Last week, we presented the first in a multi-part series focused on overall health and wellness by exploring exercises and movements that can be performed with the convenience of an at-home gym.
Today, we take a look at the role nutrition plays in our physical and mental lives.
Ms. Dawn Johnson, a Registered Licensed Dietitian who has been practicing in Northwest Indiana and Chicagoland for over 20 years, was gracious enough to speak with Marquette regarding dietary recommendations. Johnson earned her Master's prepared from NYU.
MQTT: We're facing circumstances that are limiting our exercise options (fitness centers, workout classes, etc.) thus hindering that aspect of the wellness equation. How much more of an emphasis does that place on nutrition and diet?
Johnson: Bottom line is that weight gain results when energy intake exceeds energy used. If the amount, frequency or intensity of your exercise routine has been interrupted, you would need to decrease your calorie consumption in order to maintain your weight. The less calories we burn, the less calories we need to consume. When cutting back on calories, a good place to start is beverages. Drinking calories is not as satiating as eating calories. Choose non-caloric beverages like water, seltzer water, unsweetened tea or coffee instead of energy drinks, coffee drinks, sodas, lemonade, sweetened tea and alcoholic beverages.
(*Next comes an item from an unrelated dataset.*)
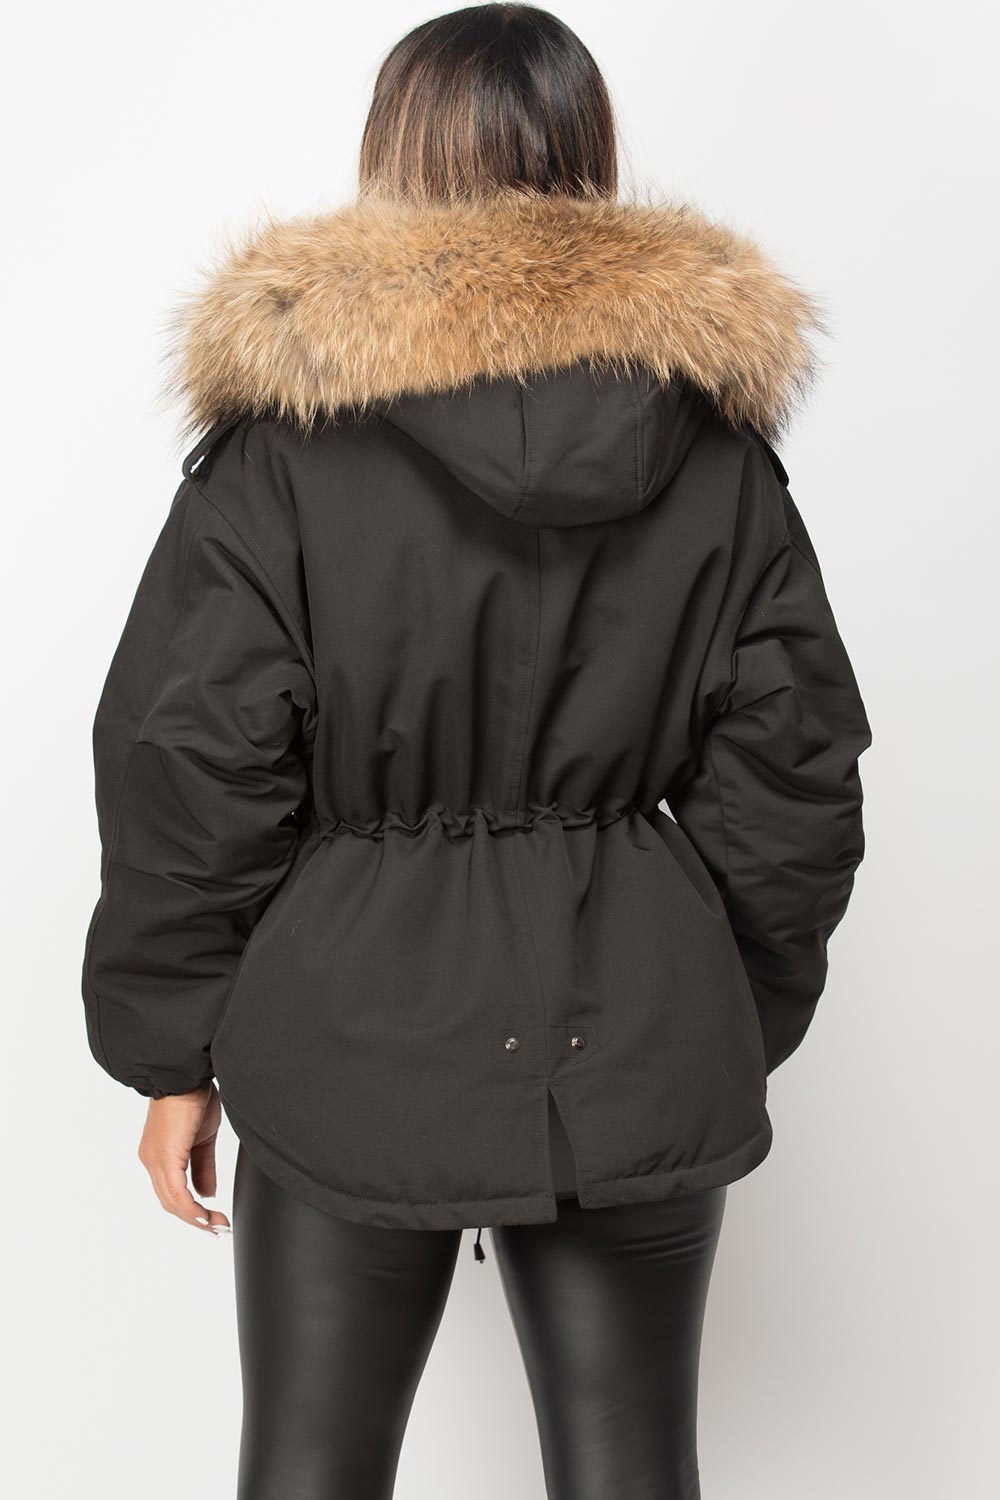 big natural fur hooded parka jacket black

MQTT: One of the biggest obstacles keeping Americans from a healthy, well-rounded diet is money. So many fast food operations advertise "full meals" for $5.00. Even if a head of household was to buy groceries and prepare the food at home, it'd be tough to compete with that price. What advice would you give to those on a fixed income?
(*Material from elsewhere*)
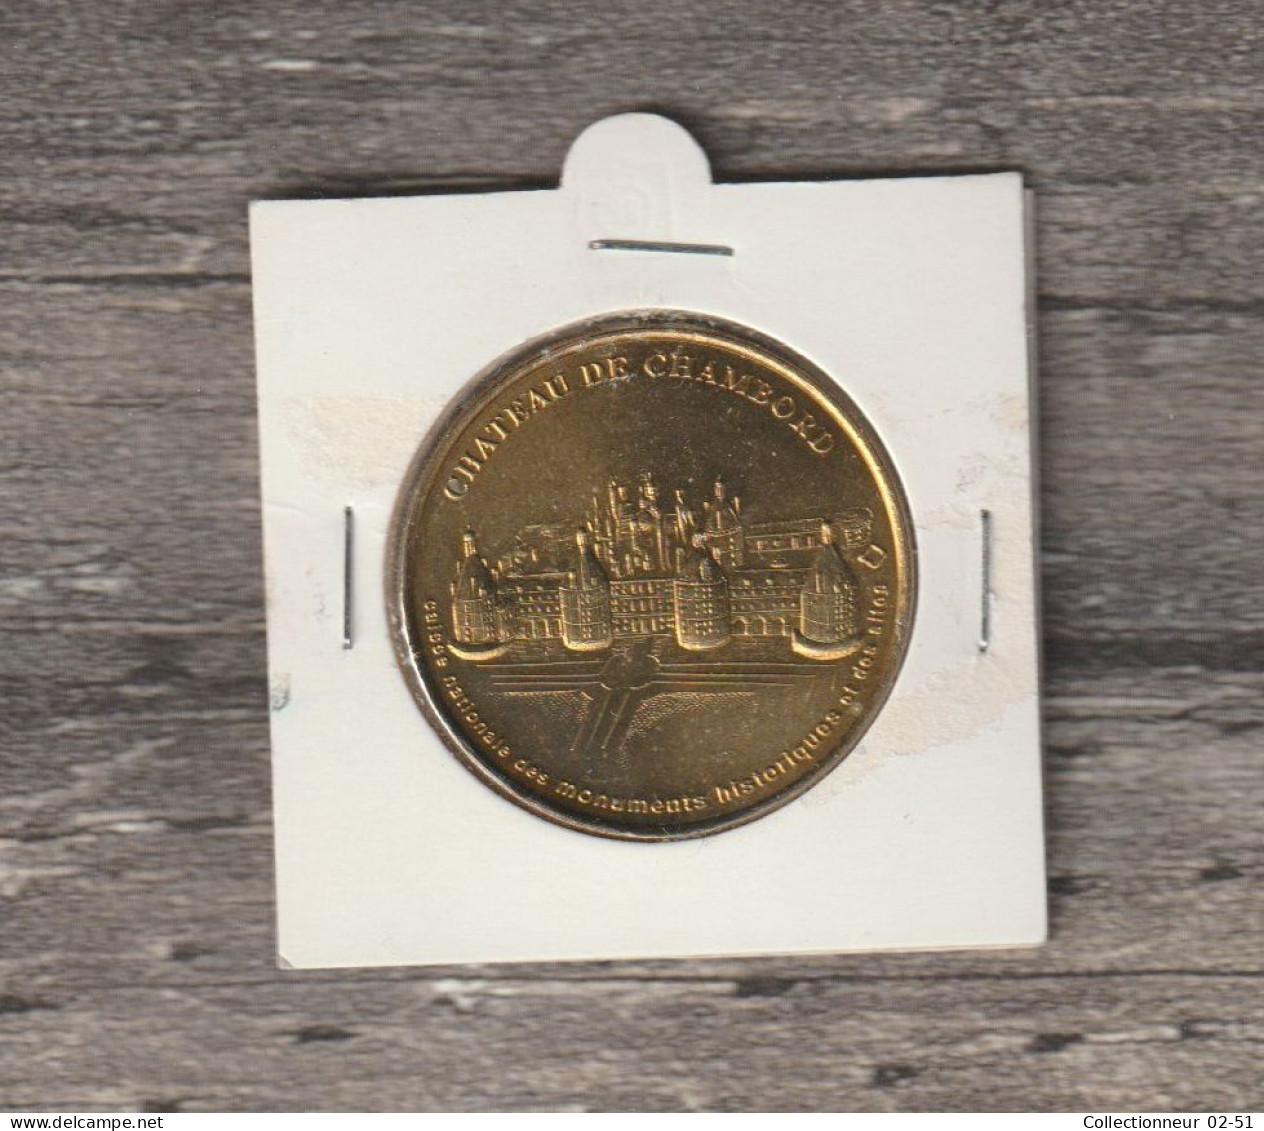 Monnaie De Paris : Château De Chambord - 1999 - Ohne Datum

Johnson: Eating right on a budget is possible. Plan meals and snacks before going to the grocery store (or shopping online). Look over your favorite recipes. See what ingredients you already have on hand and write down the ingredients you need. Making a grocery list will reduce impulse shopping. Doubling the recipe can provide extra portions that can be brown bagged for lunch the next day. Place single portions in left-over containers. You can eat these the next day or freeze and heat up later in the week. Some nutritious, low-cost foods are: beans, peas and lentils, sweet or white potatoes, eggs, peanut butter, canned salmon or tuna, oats, brown rice, quinoa, frozen or canned fruits and vegetables.
MQTT: It seems as though inactivity triggers snacking. We don't necessarily have an appetite, but we're sitting at a table or desk for hours on end and it's "something to do." What are some healthy snacks to keep on hand that can satisfy that craving?
Johnson: Our mood can affect our food. When we are stressed, bored, happy or sad we may want to reach for some "comfort" food that may not be the healthiest like chips, vending machine snacks, cookies and candy. While managing our mood is one strategy, another way to prevent diet sabotage would be stocking up on healthy, crave-busting snacks like air-popped popcorn, fresh fruits, fresh vegetables, baked vegetable chips, mashed avocado with salsa eaten with low-fat baked tortilla chips and tuna on whole grain crackers. Some tips for healthy snacking include limiting snack calories to 200-300 (when less active). Fix snacks ahead of time and pre-portion. Assess your hunger on a scale of 1 to 10. Eat when you rate your hunger at a 3 or 4 and stop eating when you are at a 6 or 7.
MQTT: Clinically speaking, what
is the relationship between diet and mental health?
Johnson: Not only is eating healthy good for our bodies, it's also good for our mind. The emerging field of Nutritional Psychiatry is using food and dietary supplements in the treatment of mental health conditions such as depression, anxiety and Attention Deficit Hyperactivity Disorder (ADHD). Find a local registered dietitian with experience in behavioral health by visiting the Academy of Nutrition and Dietetics (AND) website at www.eatright.org.
Many of us feel a social obligation to support local restaurants right now. From a nutrition standpoint, that's okay to do a couple of times per week, right?
Johnson: Many people find ordering out to be time-saving. Currently, according to the Center of Disease Control and Prevention (CDC), there is no evidence of food or food packaging being associated with transmission of COVID 19. The CDC recommends if you are sick, stay home until you are better. When going out in public wear a face covering, practice social distancing and use wipes on handles or other surfaces. Healthy eating is possible when ordering carry out. Plan ahead. View menus online before ordering. Eat lighter the day of to prevent over eating. If possible, plan exercise before or after. Ask the staff for healthier options on the menu. Visualize a healthy plate including fruit, vegetables, lean meat/meat-alternative and whole grains. Recreate that healthy plate at home by ordering a balance meal.